CNBC-TV18: Let me come to what Uday (Ved) had suggested as maybe the possibility of introducing one time settlement scheme that helps settle the several thousand litigations which have several thousand crore rupees stuck in them by offering a one time plea bargain or one time let us buy some piece opportunity and thereby recovering lots of the locked money in those disputes. How much money do you think something like that can release in terms of revenue and will that be key driver for why they consider this settlement scheme?

Uday Ved: I would think that one thing is generating revenue. Second is just killing the litigation which is clearly one of the key objectives of the government in the act as well as going forward in the DTC. So you have indirect taxes more than 100,000 crore something like that taxes being locked at various levels – be it at a PE (personal equity) level or tribunal or a High Court or a Supreme Court. There are a lot of issues which are recurring issues. It is just continuous. There could be a one time kind of investment in that sense. The corporates just want to buy PEs. This does not mean that they have accepted it. Come and say pay the headline out of 30 per cent - no interest, no penalty. I think that could be one way of addressing a part of the fiscal deficit.
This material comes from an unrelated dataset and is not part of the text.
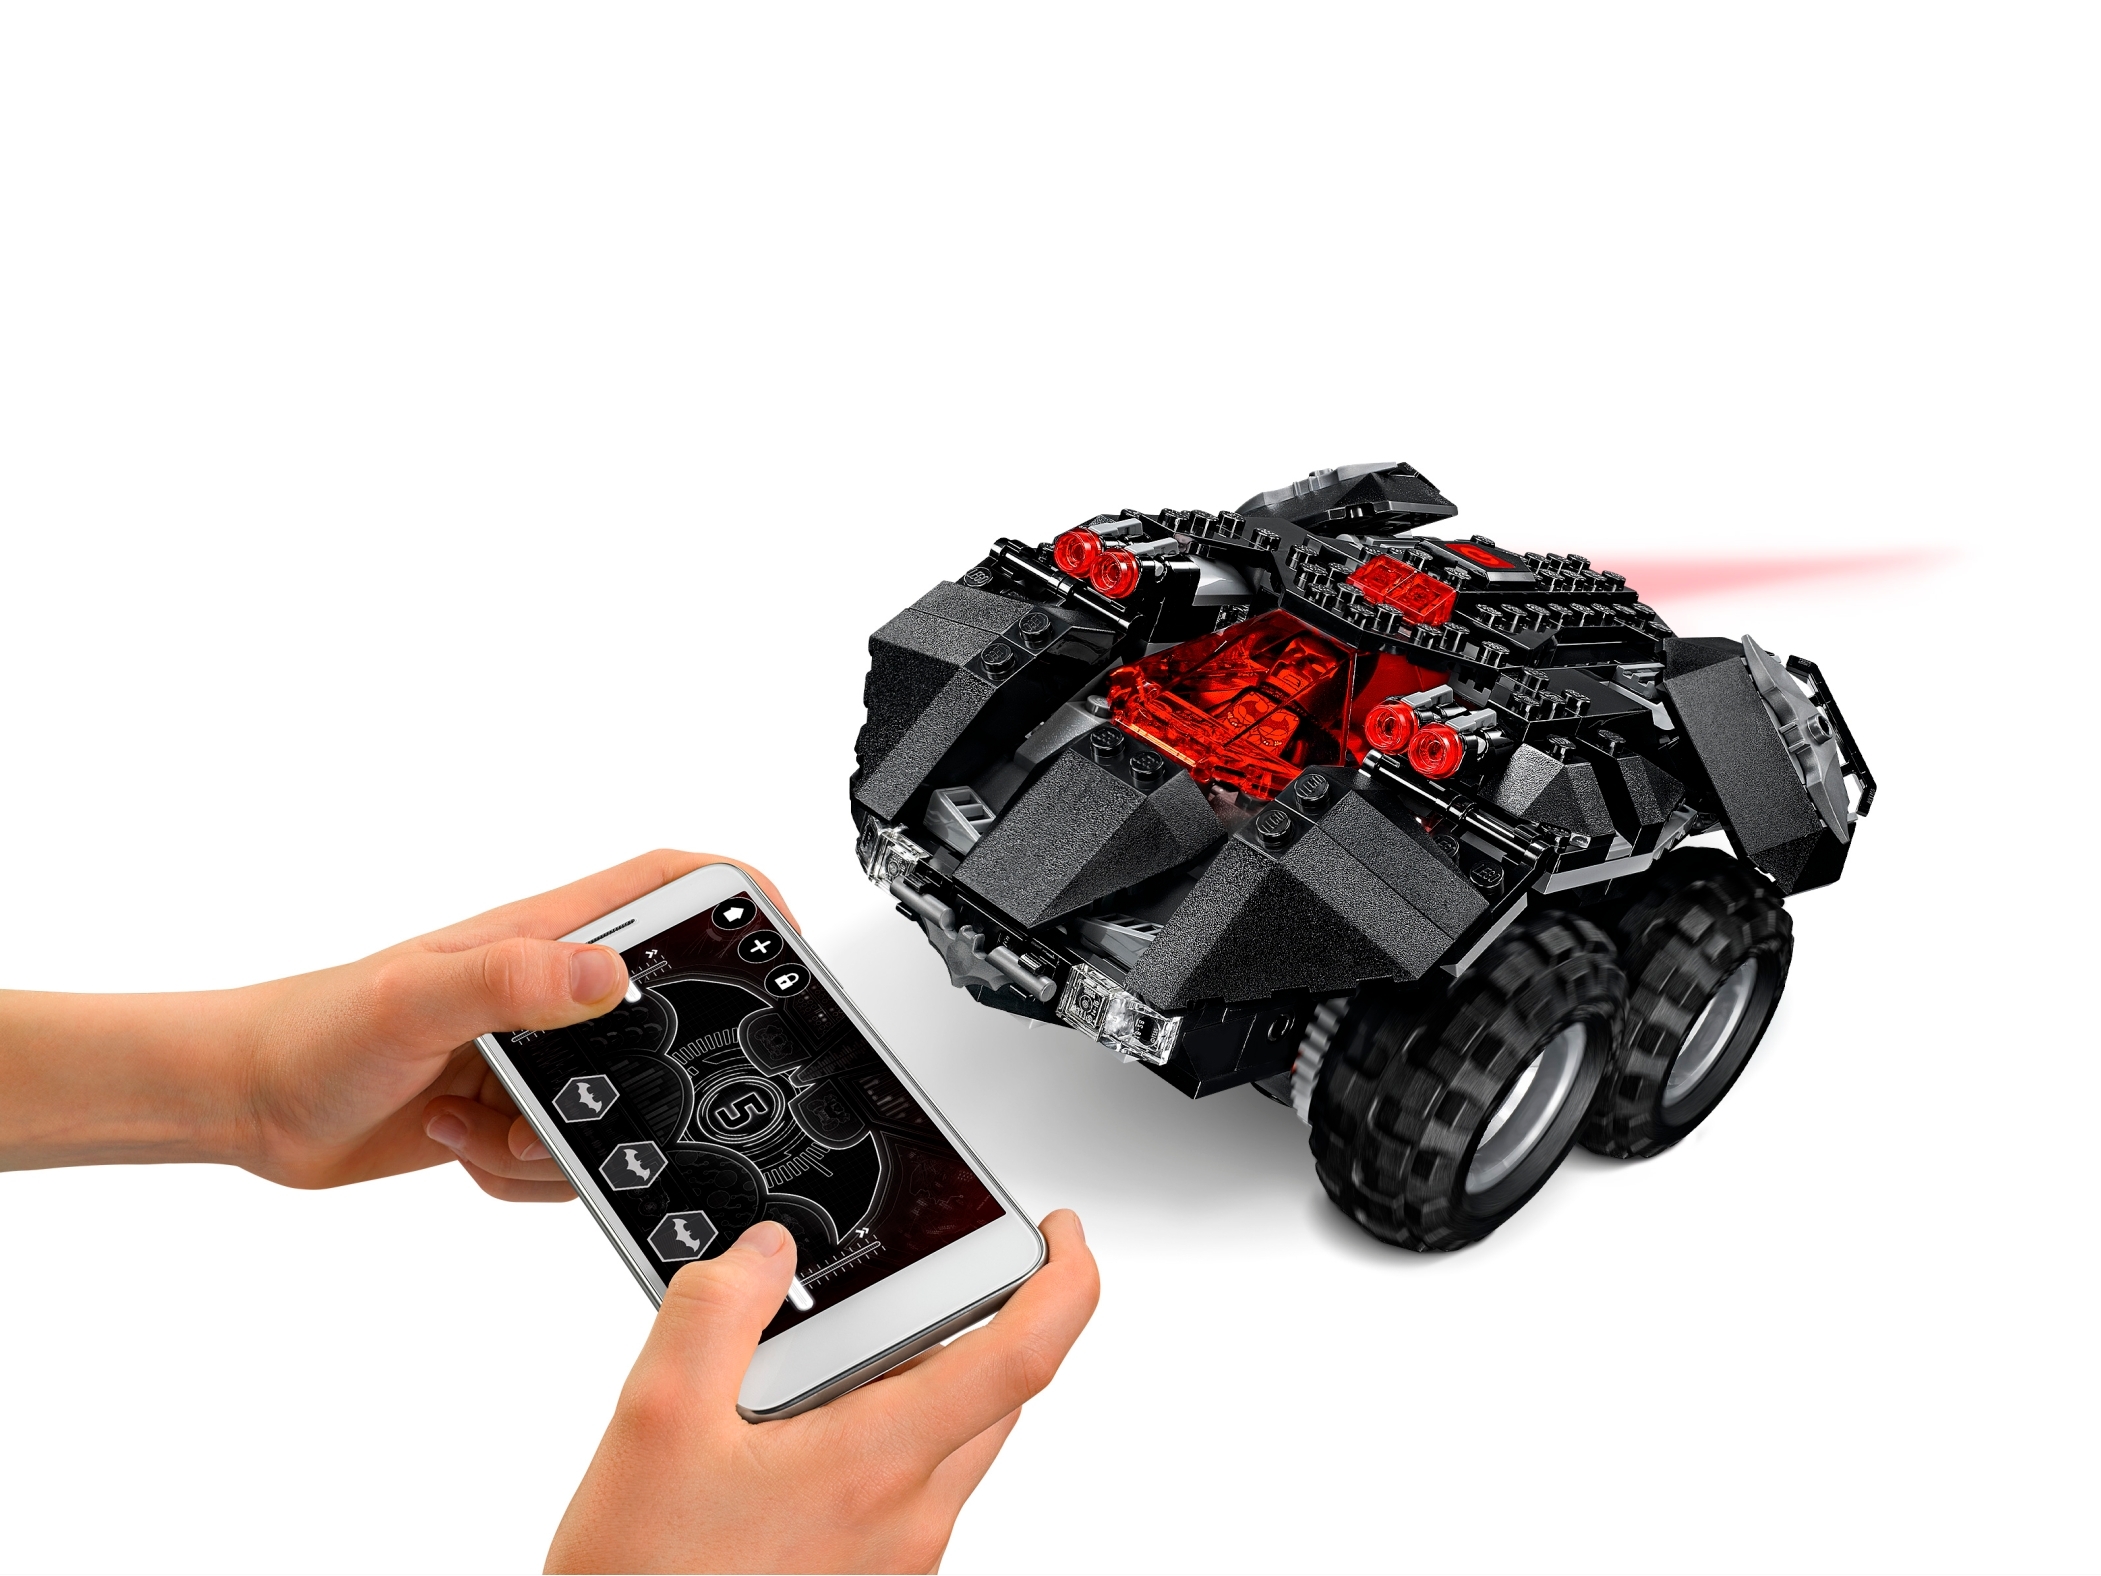 App-Controlled Batmobile 76112 | Powered UP | Buy at the Official US

I do not know how much amount it will get generated but certainly it would reduce litigation to a large extent.

CNBC-TV18: This is one of those great ideas that we talk about every year and there is no real need for it to be introduced in any one specific year?

Ajay Lalwani: No. Even at the state level when you transition from one set of law to another, it is good to have some measure to clean up the old litigation that you have collected. So introduction of DTC could be a good time to then offer a scheme where you just close all your cases and then you hold the income tax act in the bargain if you can release or if you can collect the taxes which are locked. I think it is a win-win.

CNBC-TV18: This is the tax department version of consent orders and compounding?

DM Muthukumaran: That is correct. I wouldn't think this if it comes will come because you want to collect money. I think it will come because if you want to get ride of the cases.

CNBC-TV18: What do you expect the FM will say with regards to direct taxes on 28th of this month?

Uday Ved: I think it has been made public that there is not going to be major tax reforms otherwise the entire DTC losses the steam. If you see those changes in this budget if at all, one should assume that the DTC is doing to die, which I do not think government wants to do at this point of time. Considering all these aspects, it will be more of a balancing act carrying on for one more year. Hopefully, when the DTC comes into the force with a 30 per cent tax rate or going forward with little reduction, I think the budget from a taxation perspective possible will become a non event.